There is nothing more dangerous than the idea that citizenship is mutable, that it can be undone, that it is not a permanent thing. A stateless person has no government who is answerable to them, which means their blood is cheap, if not free. Who will speak up for them when they are inevitably abused? Who will come to their aid?

It’s something we Jews know all too well. Before the Nazis began their extermination of six million Jews, they revoked their citizenship. It was a crucial first step, argued the political theorist Hannah Arendt, herself an escapee of a concentration camp. As merely humans, rather than Germans or Poles, the Jews were not only disposable to the Nazis but to the rest of the world.

“The world found nothing sacred in the abstract nakedness of being human,” Arendt wrote in Origins of Totalitarianism. “It turned out that the moment human beings lacked their own government and had to fall back upon their minimum rights, no authority was left to protect them and no institution was willing to guarantee them.”

If you doubt that this could happen today, look no further than India, where four million people, most of them Muslims, have had their citizenship revoked and are being ethnically cleansed. Look to the Rohingya, a stateless minority, whose lack of citizenship in Myanmar was the excuse for their ethnic cleansing (“And where is that exactly?” President Trump asked a Rohingya man today who was requesting help for his people).

As Arendt put it, the only true human right is the right to have rights, in other words, the right to be a citizen. And to be a citizen is to be guaranteed citizenship, to be guaranteed rights. That is, after all, what a right is: It is a guarantee from the government of equality before the law and due process if the government exercises state power against you.

Trump’s apologists excuse his comments as mere criticism of Omar and the rest of the Squad as they are known. But Trump has allowed his criticism to bleed into calls — both his own and those of his supporters — for the revocation of citizenship. It’s good to see even right wing pundits calling this out.

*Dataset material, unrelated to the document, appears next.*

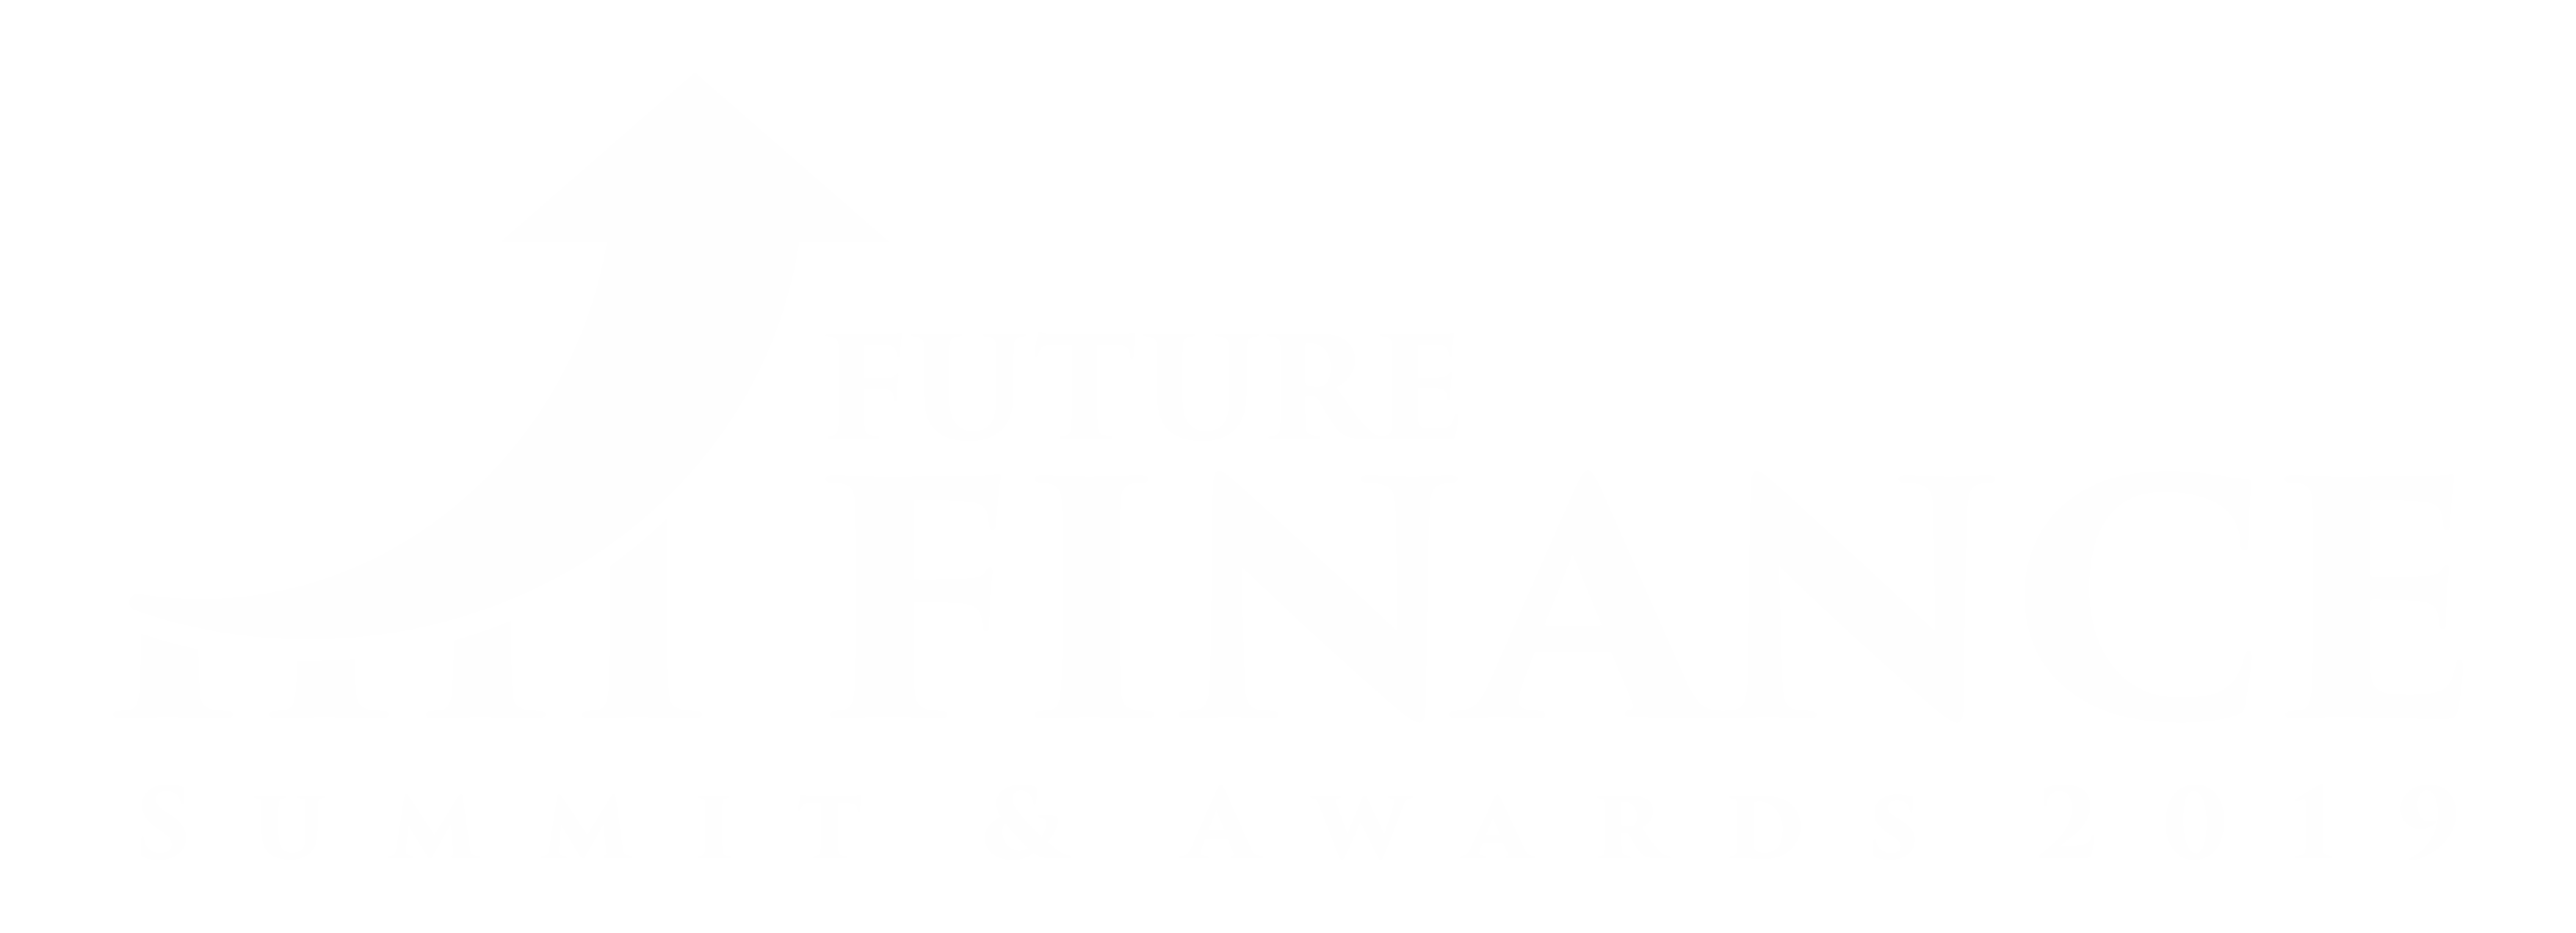 Future Finance Summit & Awards 2019

Criticism of Omar and others must remain fair game; she is, after all, an elected official, with a vote on whether the U.S. goes to war. Cries from the left that those of us who have criticized the outspoken Congresswomen have caused Trump’s racist comments are only the inverse of Trump’s belief that there is no difference between criticism and calls for deportation. (The left would also do well to remember the sacredness of citizenship in their comparison of detention centers of non-citizens to concentration camps, which, after all, were used to house denaturalized former citizens prior to their extermination.)

But Trump’s suggestion that critics of America are less American, and even worthy of being denaturalized, is an extremely dangerous one. And it’s un-American, too.

Batya Ungar-Sargon is the opinion editor of the Forward.